Why is ‘Steel Rain 2: Summit’ Called ‘Steel Rain 2’?

Credit: Lotte Entertainment

Why is it called Steel Rain 2? This is the question Steel Rain 2, which has been at the center of the spotlight as North Korea continues provocations, received after announcing its release this summer. Director Yang Woo Suk talked about the title of Steel Rain 2: Summit (hereinafter referred to as Steel Rain 2), which advocates a complementary sequel rather than a sequel that continues the previous story.

Steel Rain 2 depicts a crisis near the brink of war as the three leaders are kidnapped by a North Korean nuclear submarine in a coup d’état during a summit between the two Koreas and the United States. It shares the critical thinking of the road to peace between the two Koreas and the starting point of the war crisis caused by the outbreak of political upheaval in North Korea with the previous film Steel Rain.

However, the story of Steel Rain 2 does not follow the story of the previous film. As China has rapidly emerged as the hegemonic power, the Korean Peninsula is caught up with the deepening conflict between the US and China. And in the midst of this crisis, the movie presents a solution to peace regime.

Steel Rain began with the North Korean Leader crossing over to the South shortly after the coup d’état and showed a path to peace through cooperation between South Korean senior presidential secretary for foreign affairs and national security and a former agent of the North Korean Special Forces. However, Steel Rain 2 depicts a crisis on the brink of war in Northeast Asia after the three leaders are kidnapped and held in the North Korean nuclear submarine as the North Korean coup occurs during the summit between the two Koreas and the US.

Credit: Lotte Entertainment

Director Yang Woo Suk said, “If Steel Rain started from the imagination of ‘what if the right to decided regarding the peace issue of the Korean Peninsula had been completely left to the hands of South and North Korea?,’ Steel Rain 2 started from the reality of the Korean Peninsula caught up in complicated terrain such as the US-China conflict and Japan’s checks.”

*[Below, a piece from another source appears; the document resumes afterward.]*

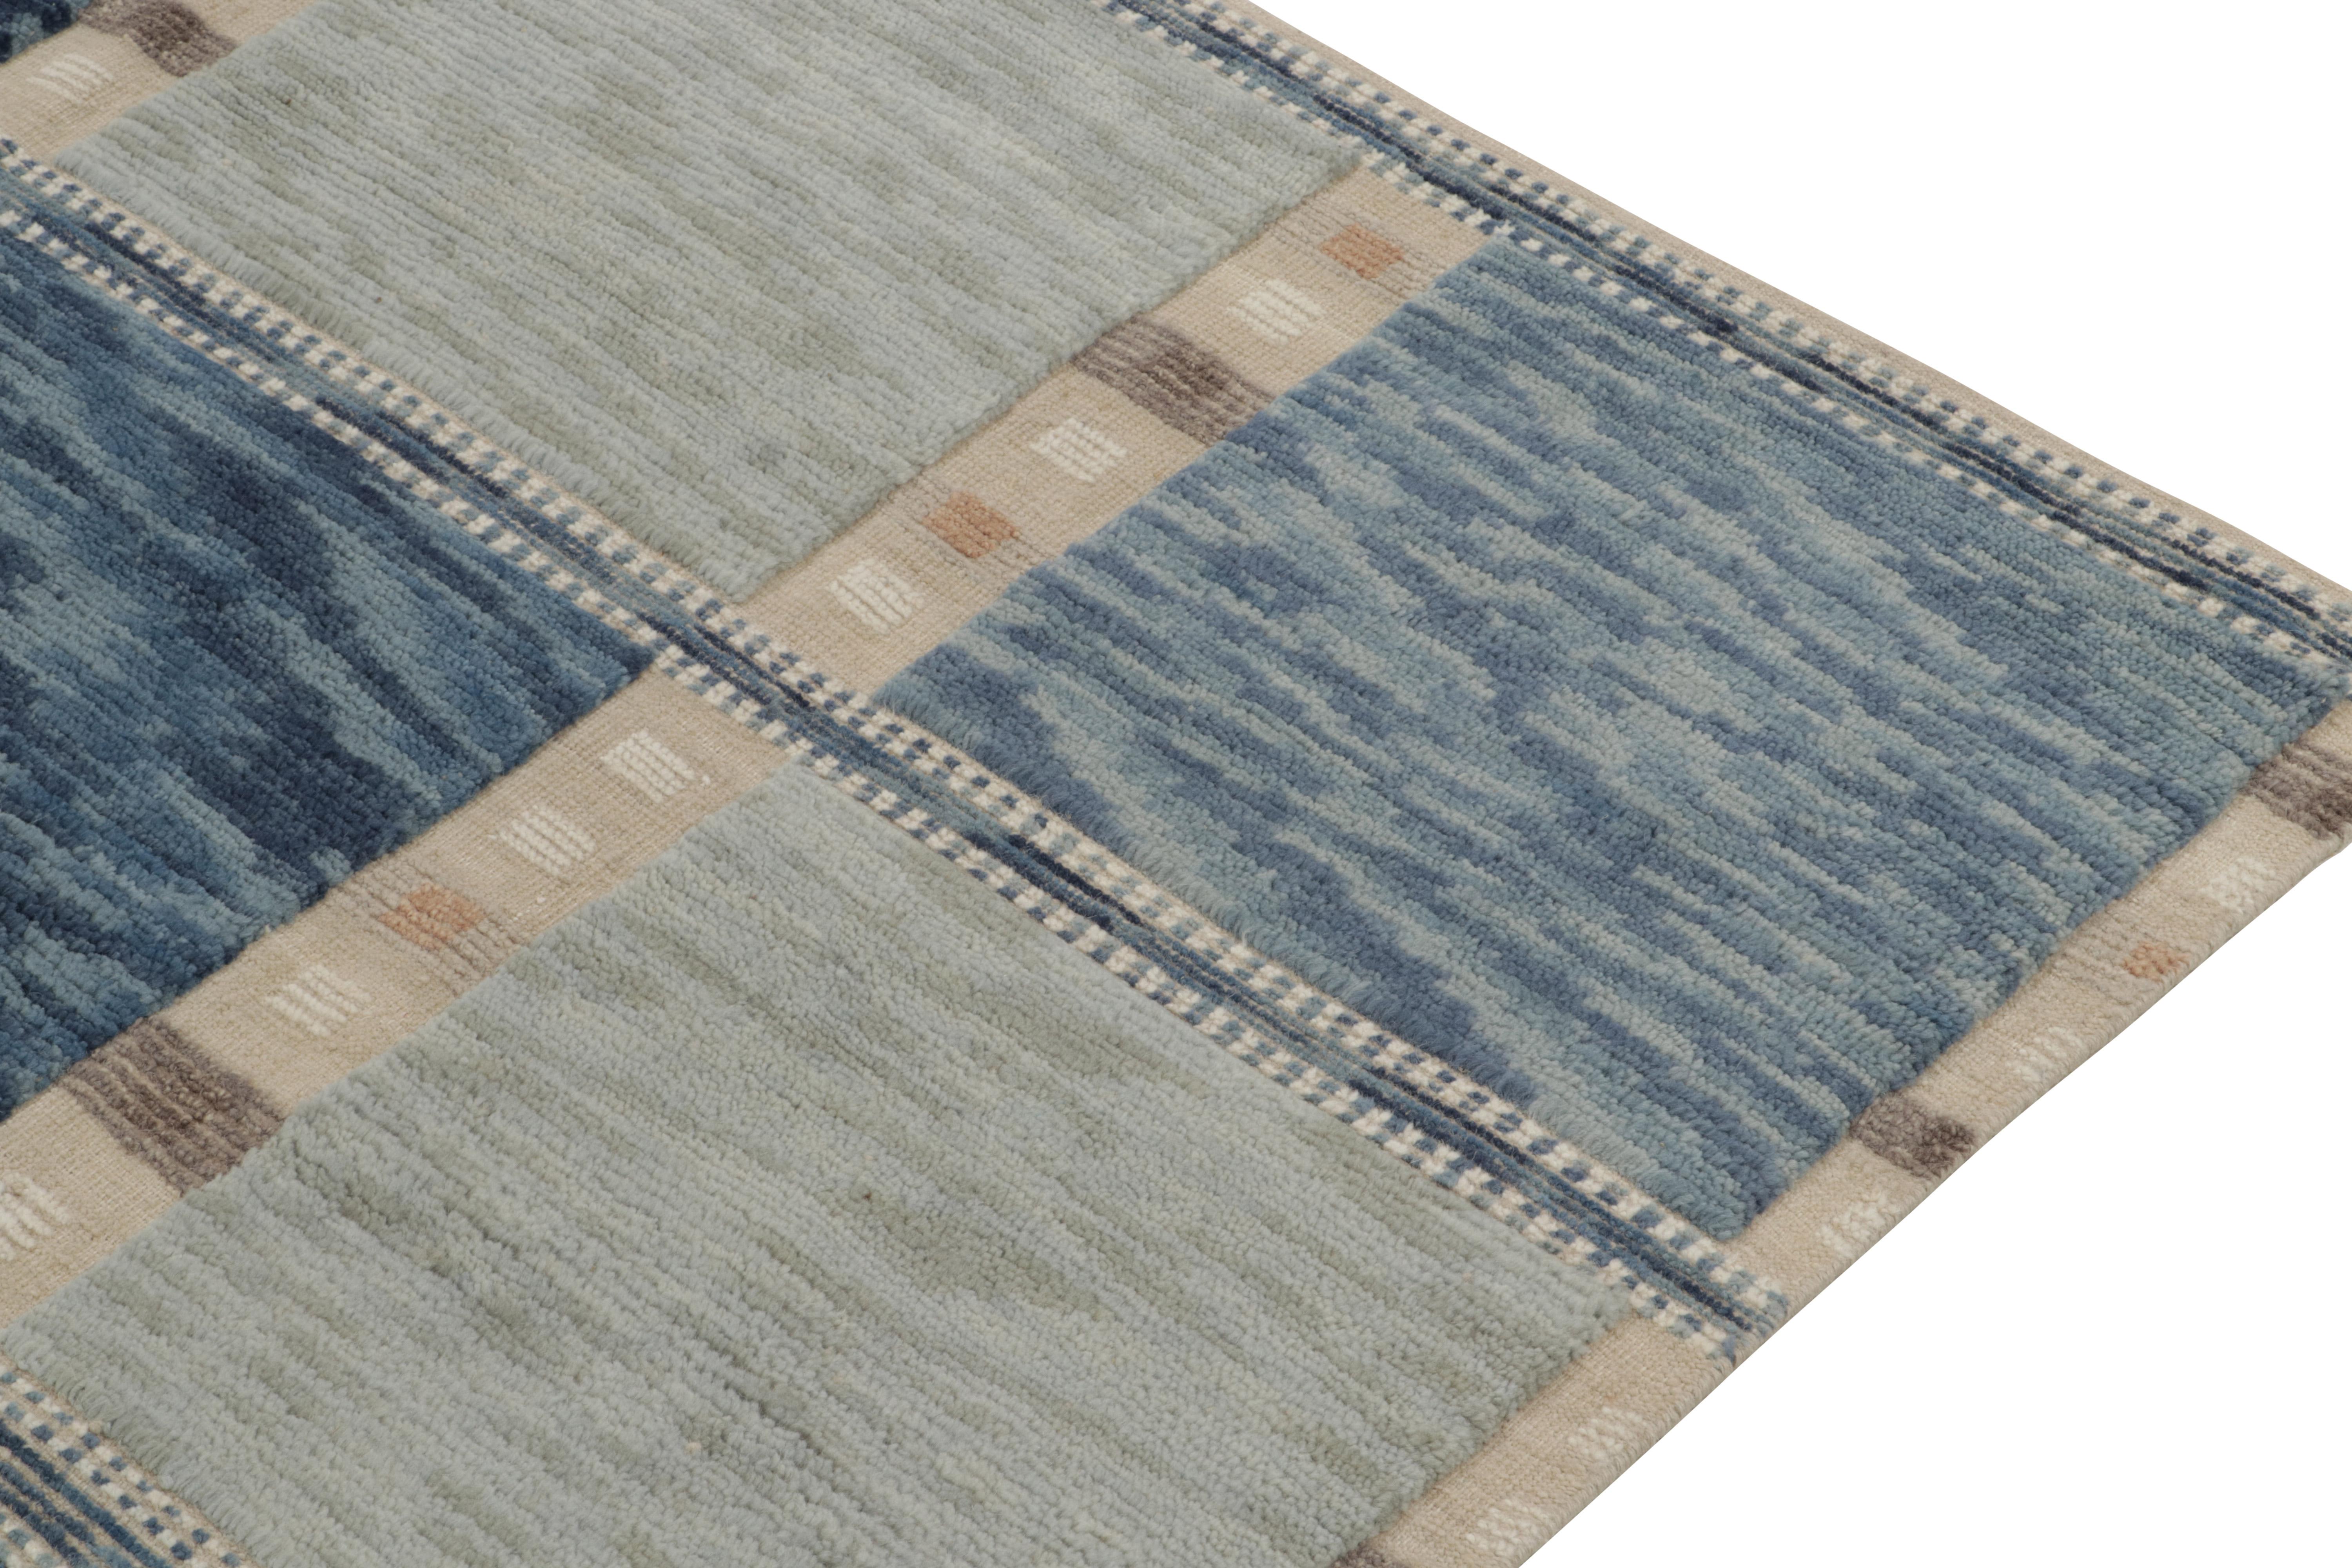 Hand-Knotted Rug & Kilim’s Scandinavian Style Rug in Blue and Beige-Brown Geometric Patterns For Sale

The fact that Jung Woo Sung, who played a former agent of the North Korean Special Forces in Steel Rain, plays the role of the president of South Korea in Steel Rain 2, and Kwak Do Won, who played South Korean senior presidential secretary for foreign affairs and national security in Steel Rain, plays Supreme Guard Command Chief who leads the coup in Steel Rain 2 is also an extension of this critical thinking.

In other words, the movie shows the reality of even if the parties of the two Koreas change their camps and seek different solutions, the fate of the Korean Peninsula is not something that the South and the North can decide on their own. Steel Rain, which started as a fantasy but proceeded with the reality, and Steel Rain 2, which begins with the reality of the two Koreas of being in the center of storm among superpower, but dramatically follows the path to peace, have a complementary relationship.

Steel Rain 2, a realistic portrayal of a possible crisis between the divided Koreas and the great powers surrounding the Korean Peninsula with expanded critical thinking and greater scale, is scheduled to be released this summer.